Sunday 21 January 2018

a new musical experience

This afternoon I went to the music society's accordion recital.  My cold had abated enough for me to feel some enthusiasm for the idea, and to worry that turnout might be embarrassingly low.  The classical accordion is a fairly obscure instrument, which might not be at the top of many people's Must Hear At Least Once list, and it was pouring with rain, having finished snowing.  I asked the Systems Administrator whether he would like to come too, but the SA indicated politely that he would leave me to it.
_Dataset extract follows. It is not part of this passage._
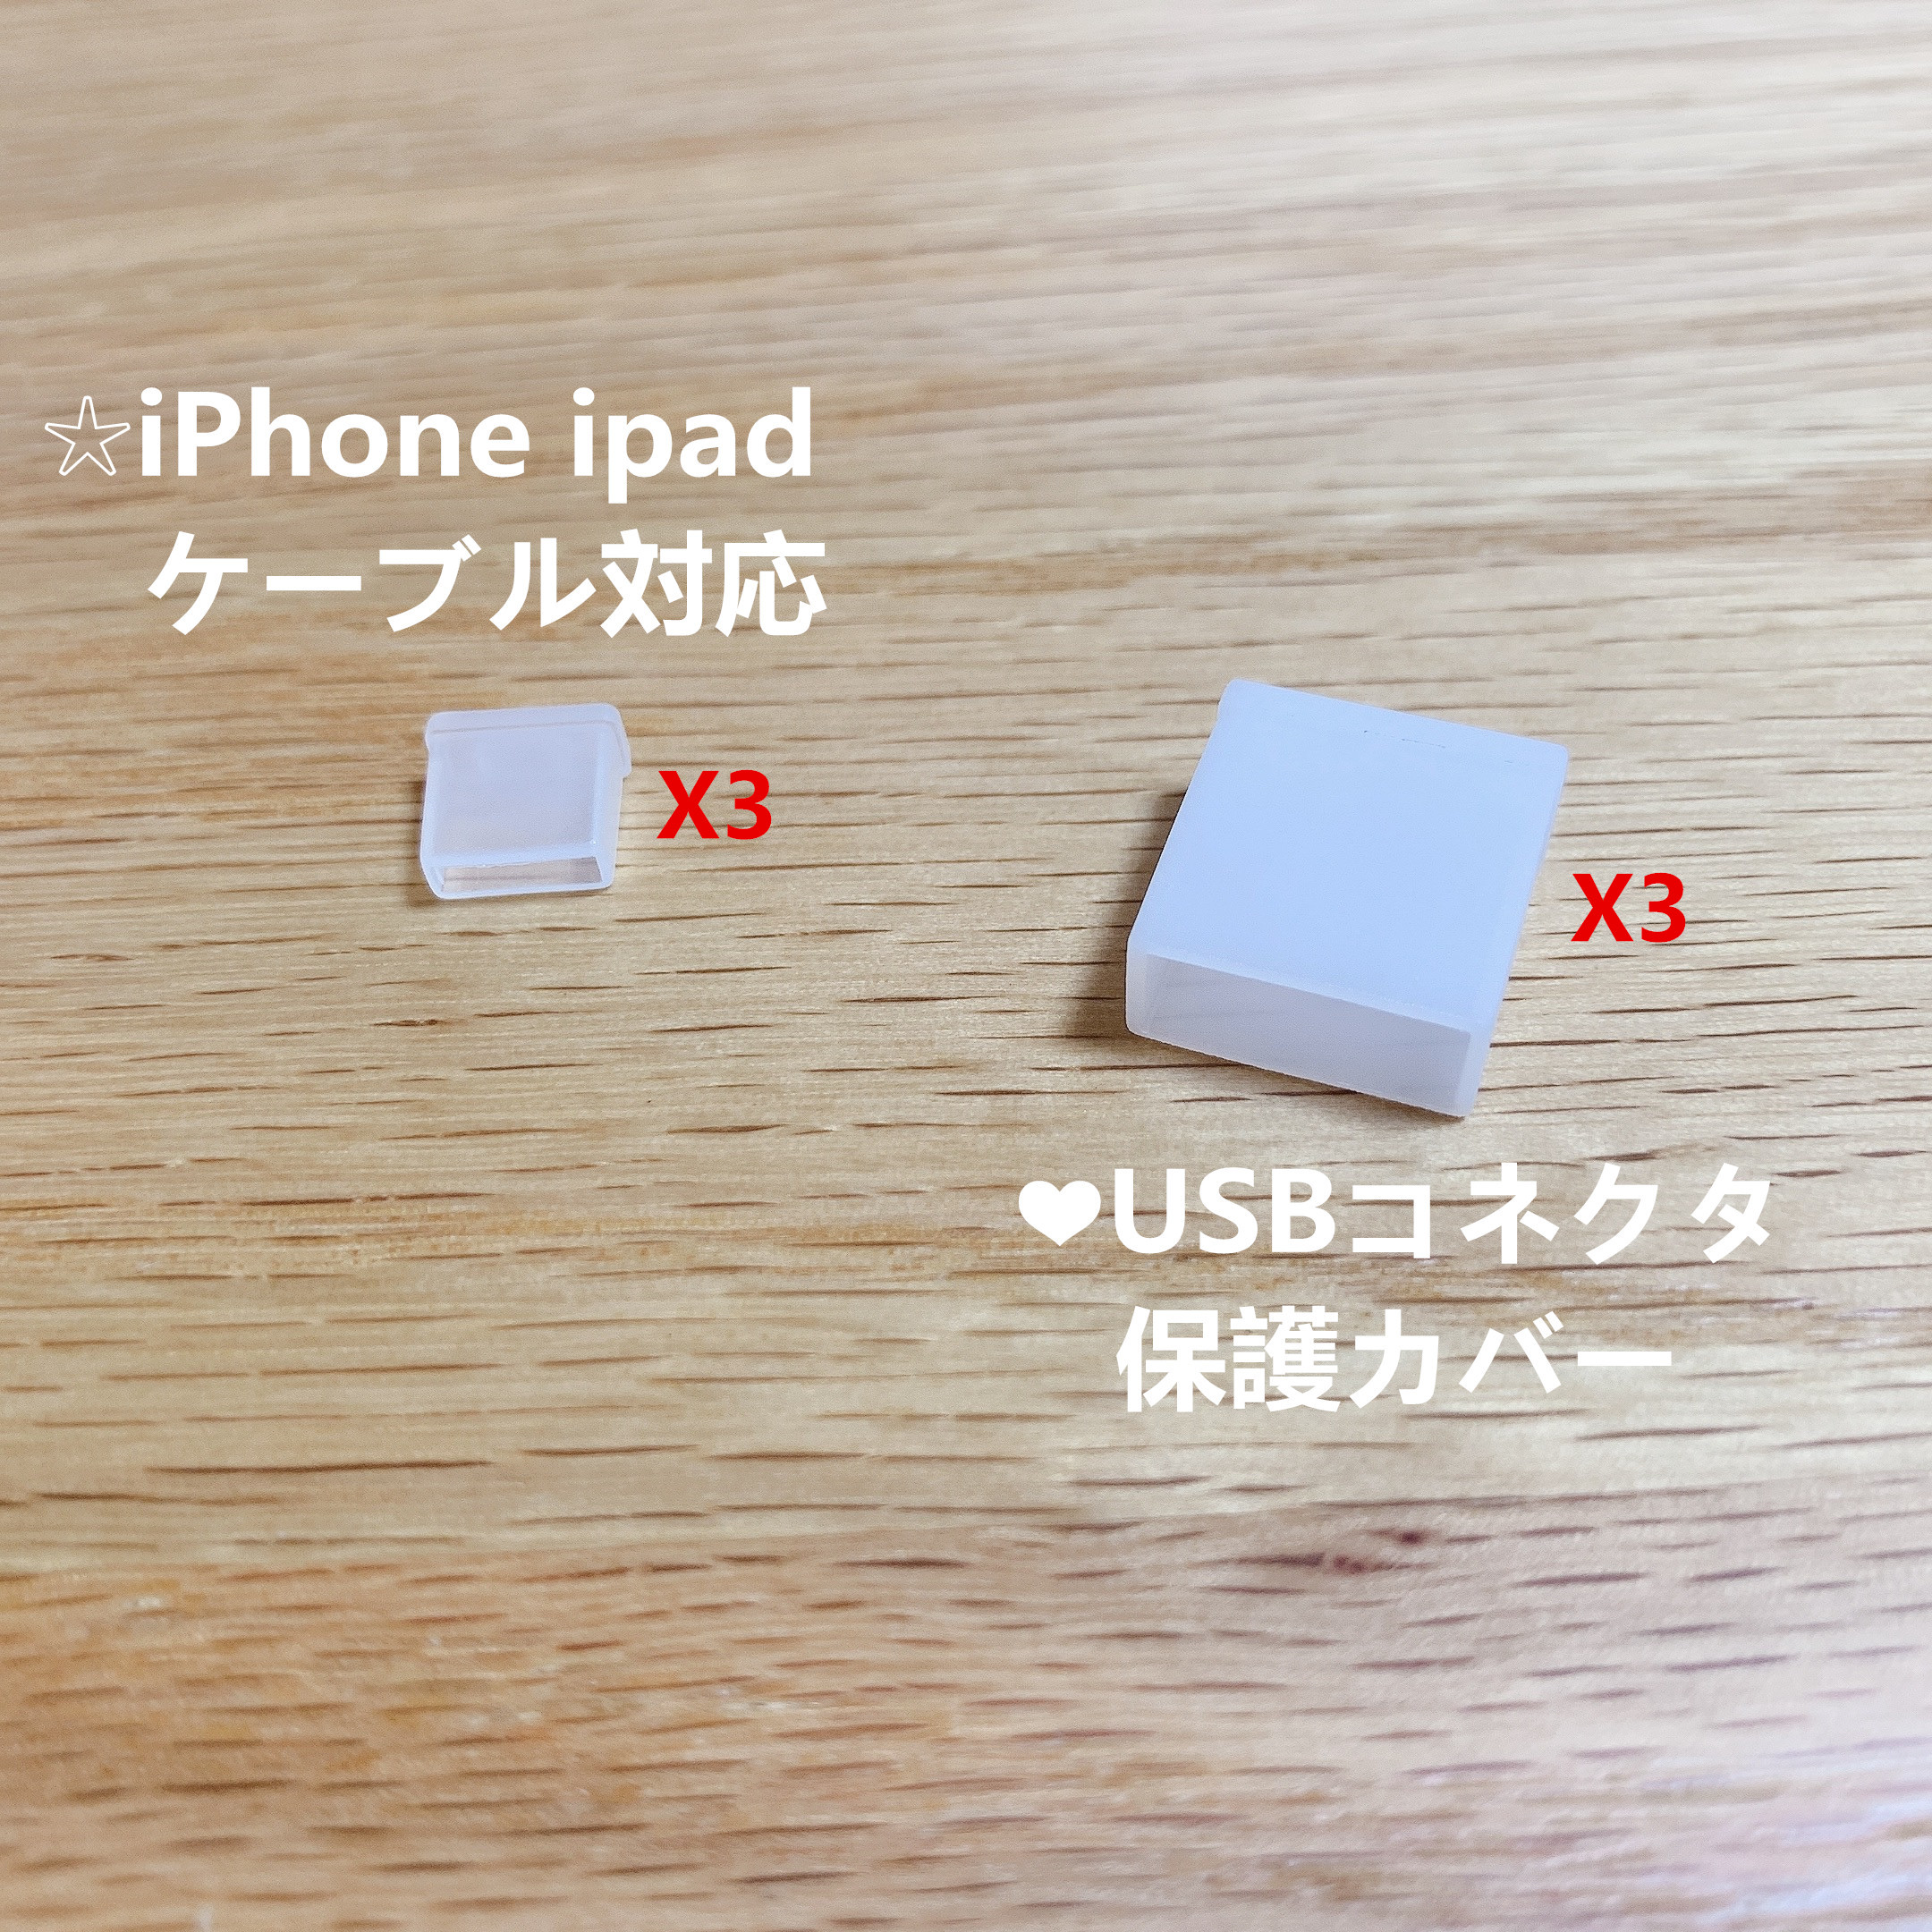 lighting to USB コネクタ保護カバー 6個3セット キャップ PE製 iPhone ケーブル 3.0 信託 USB-Aタイプ USB2.0 idiskk-USB 対応 デポー ipad 3.1

I felt some responsibility for the accordion recital, because I had spoken up in favour of the idea at the committee meeting when the choice of young artist from the sponsored scheme the society belongs to was discussed.  I did have a rationale, apart from a random desire to hear what the classical accordion sounded like, which was that the accordion player's career seemed to be several years further advanced than most of the young artists on the scheme.  On that basis I thought he might be relatively good, the best accordion player we ever had.  In fairness to the other young artists the bar is set pretty high for them to get on to the scheme at all, but still they would all be anything between five and twenty-five years behind all the other musicians appearing at the music society.  And I was curious to hear a classical accordion player.  It is good to try new things.  And the club would be taking less of a financial risk booking an unusual instrument with a sponsored young artist.  I explained my reasoning to the committee, and the chairman bravely said that she fancied trying the accordion, and nobody else had the heart to argue us out of it, but still I would have felt responsible if there had only been ten people in the audience.
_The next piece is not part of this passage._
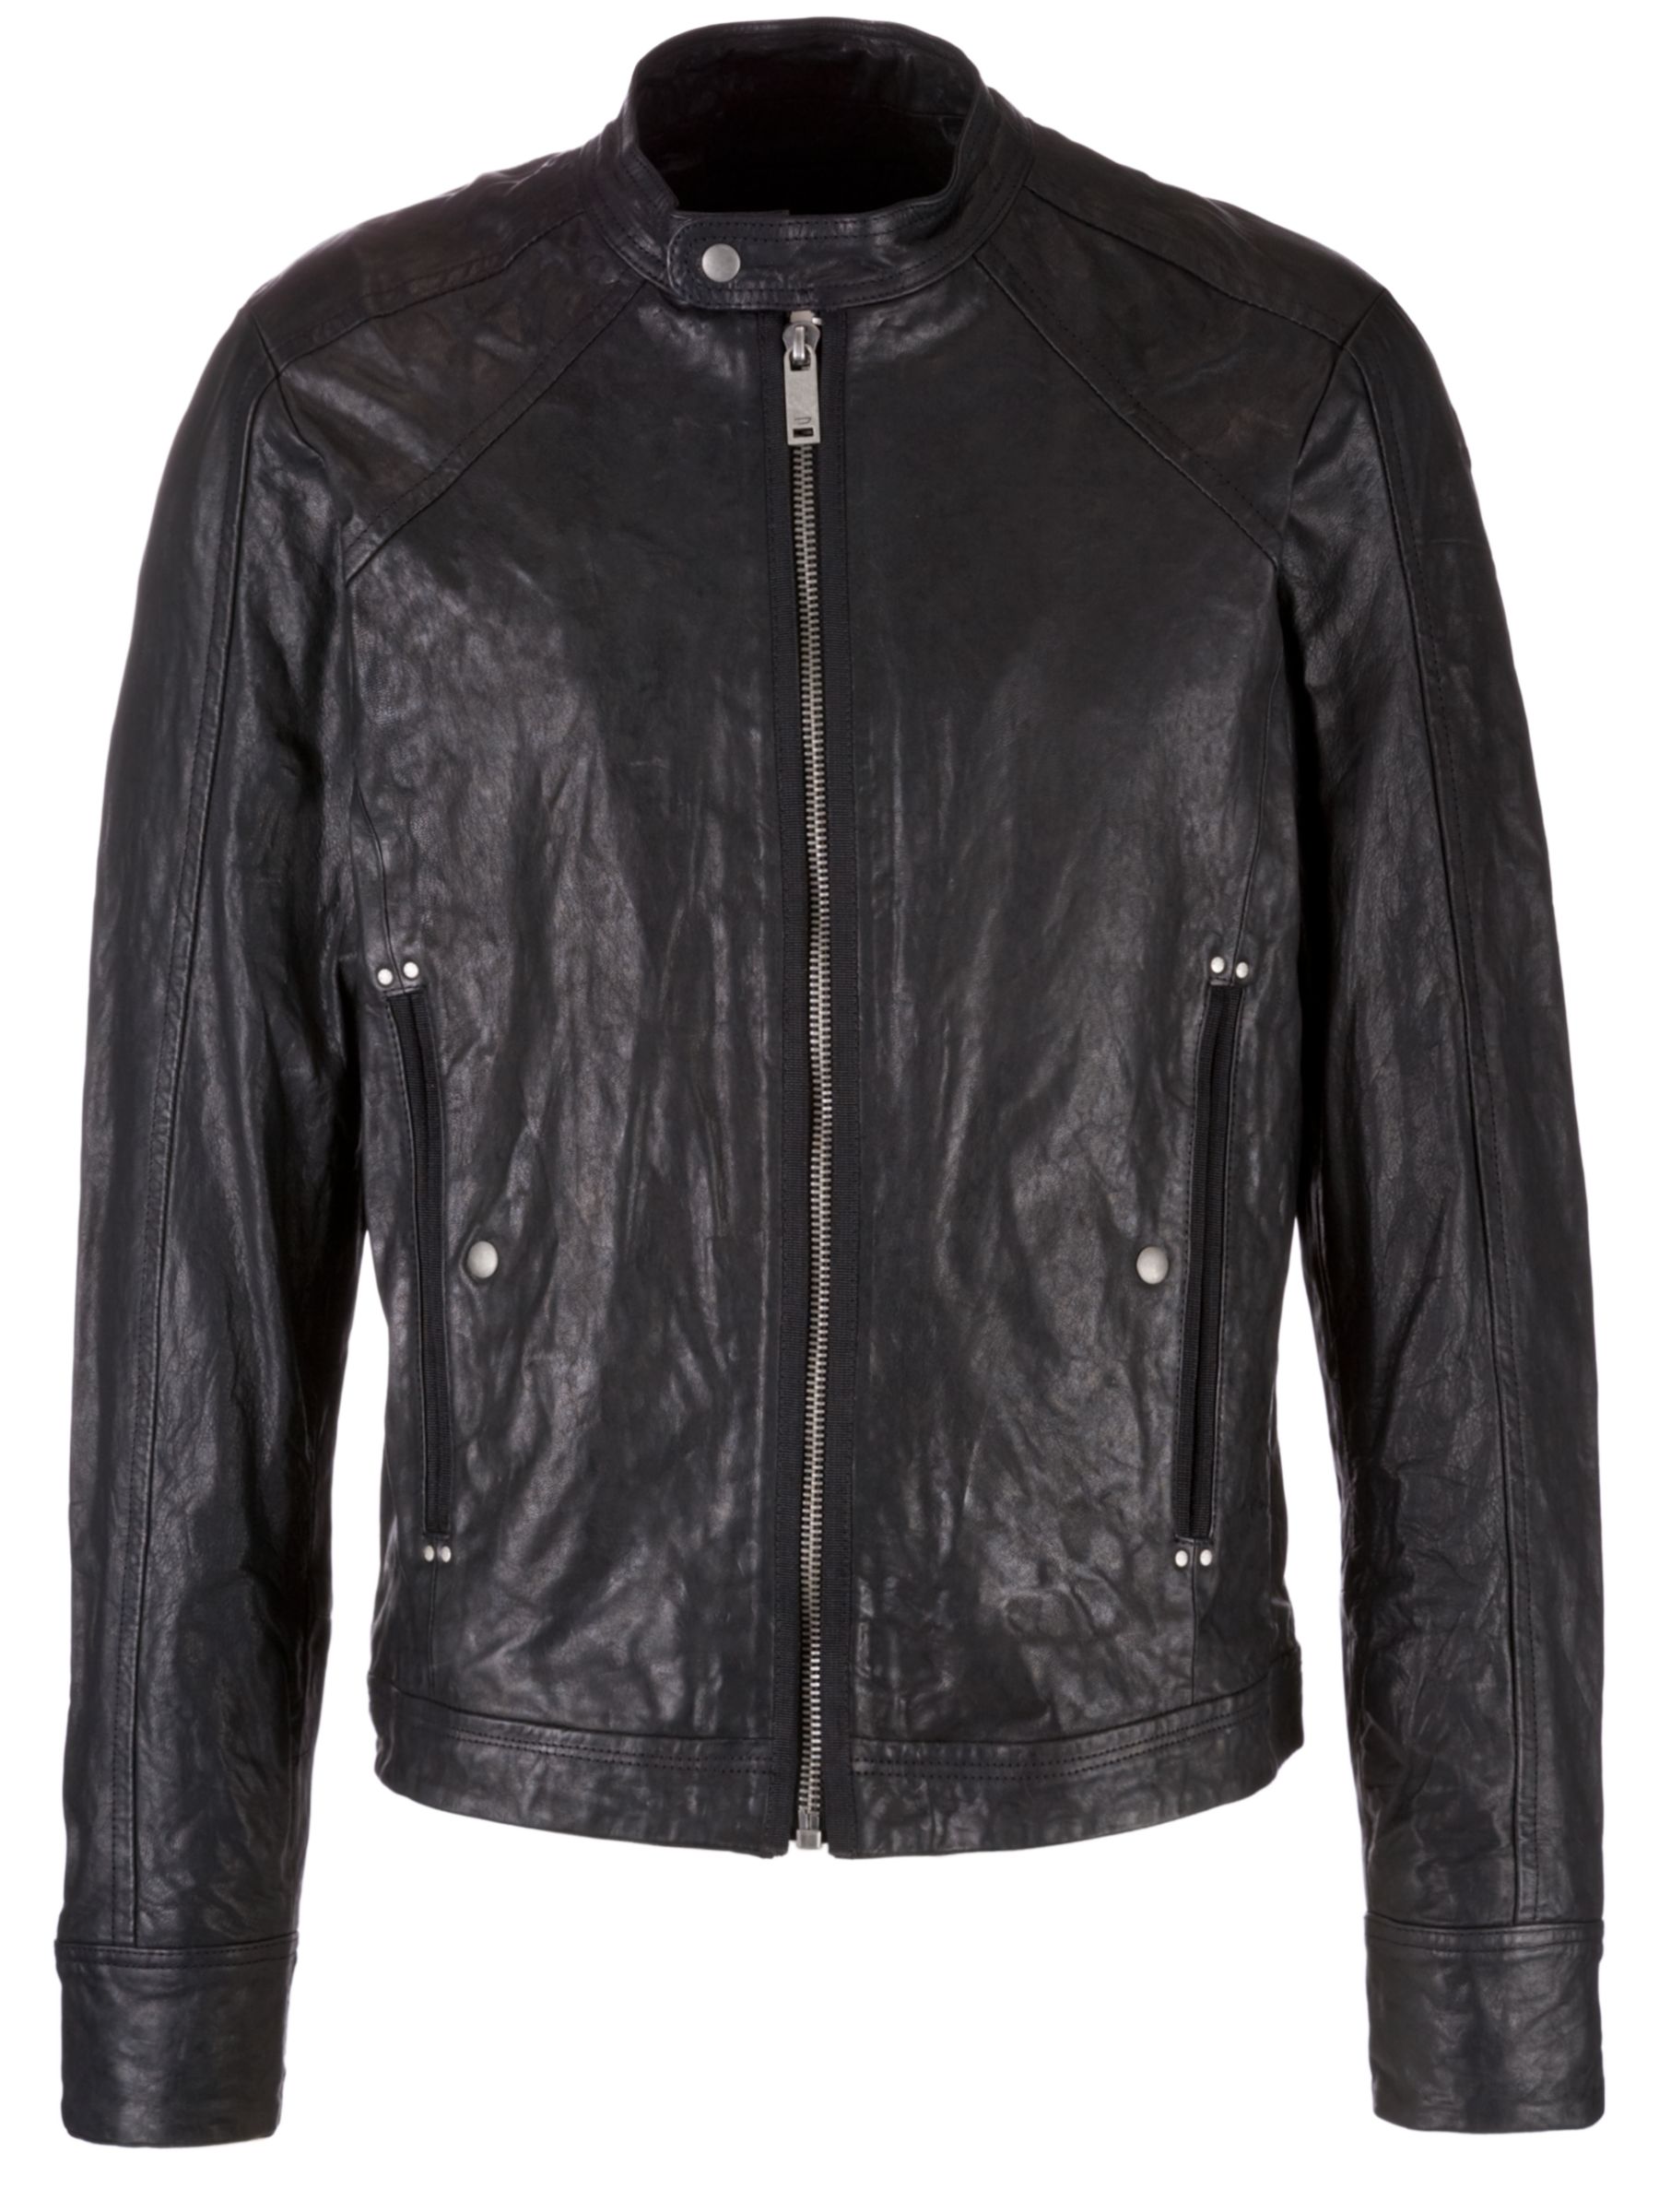 Diesel Leide Biker Leather Jacket, Black at JohnLewis

I arrived early, and noticed that the chairs were generously spaced, as organisers will do when they are worried about numbers and want the room to look full.  Happily the chairs filled up, despite the weather, and we had to put two more rows out.  Even more happily, the accordion player was really good.

He was playing a large button accordion.  As he said to us, some people might only have seen accordions with a keyboard like a piano, but the buttons allowed for more notes, so his instrument had a range of five octaves.  I thought he must have worked his programme out carefully.  He eased us into the sound world of accordion with a transcription of a Scarlatti sonata, a reassuringly familiar Baroque construction.  After that we were firmly in the twentieth century for the rest of the first half, and began to hear what the accordion could really do, which turned out to be more than I imagined, as modern accordion music doesn't just use the bellows to sound notes, but enlists the noises they can make by themselves as percussion and sound effects.  By the time we'd heard pieces inspired by the ruins of Dresden's firebombed cathedral and the gulags I was starting to wonder why no film producer had commissioned a soundtrack made entirely of accordion music.  But the accordion player had a shrewd idea of how much programme music an average audience could take, and sweetened the mixture with some pretty things and an accordion transcription of a Bach keyboard transcription of an oboe concerto, rounding off his performance with Piazzolla's Libertango.

It was good, and somebody who had come to support his other half admitted to me that he hadn't been looking forward to an evening of classical accordion beforehand, and had enjoyed it.  You can't ask for more than that.  There were even a couple there who had never been to any of our concerts before, and came to this one specially because she was learning the accordion.

I bumped into one of my former colleagues from the plant centre and we sat together.  She too has had a cold.  Felt awful for ages, runny nose, unable to concentrate on anything, dodgy stomach.  Sounds like the same thing everybody else has had.